- **WHAT THIS TASK INVOLVES**: With no addition or omission, return the entries below.

- **INPUT FOR THIS TASK**:
⟨

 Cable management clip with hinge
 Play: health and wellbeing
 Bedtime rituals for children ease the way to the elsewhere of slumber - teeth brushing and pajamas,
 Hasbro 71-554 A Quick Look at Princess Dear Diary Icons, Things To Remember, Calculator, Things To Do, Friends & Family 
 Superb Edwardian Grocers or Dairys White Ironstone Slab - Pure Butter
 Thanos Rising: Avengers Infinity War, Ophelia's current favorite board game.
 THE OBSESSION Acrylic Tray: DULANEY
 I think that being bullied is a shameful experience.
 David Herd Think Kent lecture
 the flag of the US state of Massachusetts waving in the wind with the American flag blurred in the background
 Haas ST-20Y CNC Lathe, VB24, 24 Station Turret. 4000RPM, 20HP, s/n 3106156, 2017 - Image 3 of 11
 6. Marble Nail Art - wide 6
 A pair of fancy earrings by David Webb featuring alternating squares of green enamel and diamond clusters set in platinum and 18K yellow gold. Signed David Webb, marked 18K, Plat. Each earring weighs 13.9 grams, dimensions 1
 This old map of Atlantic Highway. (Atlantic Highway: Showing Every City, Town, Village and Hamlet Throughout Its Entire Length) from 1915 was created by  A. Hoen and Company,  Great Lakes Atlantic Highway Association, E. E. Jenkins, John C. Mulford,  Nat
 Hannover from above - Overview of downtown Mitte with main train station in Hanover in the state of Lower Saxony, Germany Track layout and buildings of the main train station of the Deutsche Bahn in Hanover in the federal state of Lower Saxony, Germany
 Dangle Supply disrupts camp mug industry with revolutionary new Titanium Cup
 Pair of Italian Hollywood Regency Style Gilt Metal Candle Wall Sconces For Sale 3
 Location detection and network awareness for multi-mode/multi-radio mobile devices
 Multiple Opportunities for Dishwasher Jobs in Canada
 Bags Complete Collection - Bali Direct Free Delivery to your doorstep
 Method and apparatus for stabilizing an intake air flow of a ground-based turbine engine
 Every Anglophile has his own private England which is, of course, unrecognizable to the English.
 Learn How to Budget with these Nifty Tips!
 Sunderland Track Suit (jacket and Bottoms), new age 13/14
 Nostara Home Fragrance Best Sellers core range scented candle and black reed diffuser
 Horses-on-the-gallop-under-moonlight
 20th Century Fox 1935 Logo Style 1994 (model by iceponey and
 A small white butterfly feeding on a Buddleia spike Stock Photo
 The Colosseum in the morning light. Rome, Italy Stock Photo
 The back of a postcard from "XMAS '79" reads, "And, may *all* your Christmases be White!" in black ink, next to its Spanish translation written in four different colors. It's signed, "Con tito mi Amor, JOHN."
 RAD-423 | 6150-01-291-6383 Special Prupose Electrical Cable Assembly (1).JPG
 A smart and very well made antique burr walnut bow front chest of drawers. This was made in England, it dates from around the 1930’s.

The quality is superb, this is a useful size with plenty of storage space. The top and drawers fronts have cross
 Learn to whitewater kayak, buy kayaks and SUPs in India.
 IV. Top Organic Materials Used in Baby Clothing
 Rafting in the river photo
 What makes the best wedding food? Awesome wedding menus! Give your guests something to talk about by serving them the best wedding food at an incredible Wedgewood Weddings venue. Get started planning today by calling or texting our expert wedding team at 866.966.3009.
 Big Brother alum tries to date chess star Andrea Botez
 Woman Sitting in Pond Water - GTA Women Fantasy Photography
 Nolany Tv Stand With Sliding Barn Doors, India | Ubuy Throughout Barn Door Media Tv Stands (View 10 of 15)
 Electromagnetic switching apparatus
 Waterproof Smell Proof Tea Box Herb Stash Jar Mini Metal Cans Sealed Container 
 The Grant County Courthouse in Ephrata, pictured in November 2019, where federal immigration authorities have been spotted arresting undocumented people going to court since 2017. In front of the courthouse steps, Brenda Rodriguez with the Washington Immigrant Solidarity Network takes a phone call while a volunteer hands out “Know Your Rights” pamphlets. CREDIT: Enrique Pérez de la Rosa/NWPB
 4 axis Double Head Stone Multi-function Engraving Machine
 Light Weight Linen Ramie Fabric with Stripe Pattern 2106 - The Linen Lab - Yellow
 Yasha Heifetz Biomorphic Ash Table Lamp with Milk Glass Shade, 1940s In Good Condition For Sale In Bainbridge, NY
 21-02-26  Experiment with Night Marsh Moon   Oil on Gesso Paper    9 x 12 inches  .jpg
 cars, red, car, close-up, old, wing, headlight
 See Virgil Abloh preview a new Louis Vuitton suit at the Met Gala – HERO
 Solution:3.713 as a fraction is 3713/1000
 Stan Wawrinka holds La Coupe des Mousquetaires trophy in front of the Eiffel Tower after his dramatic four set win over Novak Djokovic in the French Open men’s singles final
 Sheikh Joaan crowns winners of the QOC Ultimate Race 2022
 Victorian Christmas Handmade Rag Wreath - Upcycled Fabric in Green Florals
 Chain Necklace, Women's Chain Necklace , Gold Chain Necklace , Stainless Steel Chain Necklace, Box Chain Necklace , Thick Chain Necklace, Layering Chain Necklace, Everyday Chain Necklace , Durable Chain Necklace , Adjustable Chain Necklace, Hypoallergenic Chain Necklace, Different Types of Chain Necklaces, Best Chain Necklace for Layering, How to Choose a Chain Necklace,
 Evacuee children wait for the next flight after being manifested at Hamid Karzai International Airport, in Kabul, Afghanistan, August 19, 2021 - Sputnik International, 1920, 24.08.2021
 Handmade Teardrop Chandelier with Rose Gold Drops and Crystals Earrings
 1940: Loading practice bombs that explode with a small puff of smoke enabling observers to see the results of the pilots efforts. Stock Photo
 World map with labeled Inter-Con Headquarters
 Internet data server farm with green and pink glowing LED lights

⟩

- **PROBLEM SOLUTION**:
 Cable management clip with hinge
 Play: health and wellbeing
 Bedtime rituals for children ease the way to the elsewhere of slumber - teeth brushing and pajamas,
 Hasbro 71-554 A Quick Look at Princess Dear Diary Icons, Things To Remember, Calculator, Things To Do, Friends & Family 
 Superb Edwardian Grocers or Dairys White Ironstone Slab - Pure Butter
 Thanos Rising: Avengers Infinity War, Ophelia's current favorite board game.
 THE OBSESSION Acrylic Tray: DULANEY
 I think that being bullied is a shameful experience.
 David Herd Think Kent lecture
 the flag of the US state of Massachusetts waving in the wind with the American flag blurred in the background
 Haas ST-20Y CNC Lathe, VB24, 24 Station Turret. 4000RPM, 20HP, s/n 3106156, 2017 - Image 3 of 11
 6. Marble Nail Art - wide 6
 A pair of fancy earrings by David Webb featuring alternating squares of green enamel and diamond clusters set in platinum and 18K yellow gold. Signed David Webb, marked 18K, Plat. Each earring weighs 13.9 grams, dimensions 1
 This old map of Atlantic Highway. (Atlantic Highway: Showing Every City, Town, Village and Hamlet Throughout Its Entire Length) from 1915 was created by  A. Hoen and Company,  Great Lakes Atlantic Highway Association, E. E. Jenkins, John C. Mulford,  Nat
 Hannover from above - Overview of downtown Mitte with main train station in Hanover in the state of Lower Saxony, Germany Track layout and buildings of the main train station of the Deutsche Bahn in Hanover in the federal state of Lower Saxony, Germany
 Dangle Supply disrupts camp mug industry with revolutionary new Titanium Cup
 Pair of Italian Hollywood Regency Style Gilt Metal Candle Wall Sconces For Sale 3
 Location detection and network awareness for multi-mode/multi-radio mobile devices
 Multiple Opportunities for Dishwasher Jobs in Canada
 Bags Complete Collection - Bali Direct Free Delivery to your doorstep
 Method and apparatus for stabilizing an intake air flow of a ground-based turbine engine
 Every Anglophile has his own private England which is, of course, unrecognizable to the English.
 Learn How to Budget with these Nifty Tips!
 Sunderland Track Suit (jacket and Bottoms), new age 13/14
 Nostara Home Fragrance Best Sellers core range scented candle and black reed diffuser
 Horses-on-the-gallop-under-moonlight
 20th Century Fox 1935 Logo Style 1994 (model by iceponey and
 A small white butterfly feeding on a Buddleia spike Stock Photo
 The Colosseum in the morning light. Rome, Italy Stock Photo
 The back of a postcard from "XMAS '79" reads, "And, may *all* your Christmases be White!" in black ink, next to its Spanish translation written in four different colors. It's signed, "Con tito mi Amor, JOHN."
 RAD-423 | 6150-01-291-6383 Special Prupose Electrical Cable Assembly (1).JPG
 A smart and very well made antique burr walnut bow front chest of drawers. This was made in England, it dates from around the 1930’s.

The quality is superb, this is a useful size with plenty of storage space. The top and drawers fronts have cross
 Learn to whitewater kayak, buy kayaks and SUPs in India.
 IV. Top Organic Materials Used in Baby Clothing
 Rafting in the river photo
 What makes the best wedding food? Awesome wedding menus! Give your guests something to talk about by serving them the best wedding food at an incredible Wedgewood Weddings venue. Get started planning today by calling or texting our expert wedding team at 866.966.3009.
 Big Brother alum tries to date chess star Andrea Botez
 Woman Sitting in Pond Water - GTA Women Fantasy Photography
 Nolany Tv Stand With Sliding Barn Doors, India | Ubuy Throughout Barn Door Media Tv Stands (View 10 of 15)
 Electromagnetic switching apparatus
 Waterproof Smell Proof Tea Box Herb Stash Jar Mini Metal Cans Sealed Container 
 The Grant County Courthouse in Ephrata, pictured in November 2019, where federal immigration authorities have been spotted arresting undocumented people going to court since 2017. In front of the courthouse steps, Brenda Rodriguez with the Washington Immigrant Solidarity Network takes a phone call while a volunteer hands out “Know Your Rights” pamphlets. CREDIT: Enrique Pérez de la Rosa/NWPB
 4 axis Double Head Stone Multi-function Engraving Machine
 Light Weight Linen Ramie Fabric with Stripe Pattern 2106 - The Linen Lab - Yellow
 Yasha Heifetz Biomorphic Ash Table Lamp with Milk Glass Shade, 1940s In Good Condition For Sale In Bainbridge, NY
 21-02-26  Experiment with Night Marsh Moon   Oil on Gesso Paper    9 x 12 inches  .jpg
 cars, red, car, close-up, old, wing, headlight
 See Virgil Abloh preview a new Louis Vuitton suit at the Met Gala – HERO
 Solution:3.713 as a fraction is 3713/1000
 Stan Wawrinka holds La Coupe des Mousquetaires trophy in front of the Eiffel Tower after his dramatic four set win over Novak Djokovic in the French Open men’s singles final
 Sheikh Joaan crowns winners of the QOC Ultimate Race 2022
 Victorian Christmas Handmade Rag Wreath - Upcycled Fabric in Green Florals
 Chain Necklace, Women's Chain Necklace , Gold Chain Necklace , Stainless Steel Chain Necklace, Box Chain Necklace , Thick Chain Necklace, Layering Chain Necklace, Everyday Chain Necklace , Durable Chain Necklace , Adjustable Chain Necklace, Hypoallergenic Chain Necklace, Different Types of Chain Necklaces, Best Chain Necklace for Layering, How to Choose a Chain Necklace,
 Evacuee children wait for the next flight after being manifested at Hamid Karzai International Airport, in Kabul, Afghanistan, August 19, 2021 - Sputnik International, 1920, 24.08.2021
 Handmade Teardrop Chandelier with Rose Gold Drops and Crystals Earrings
 1940: Loading practice bombs that explode with a small puff of smoke enabling observers to see the results of the pilots efforts. Stock Photo
 World map with labeled Inter-Con Headquarters
 Internet data server farm with green and pink glowing LED lights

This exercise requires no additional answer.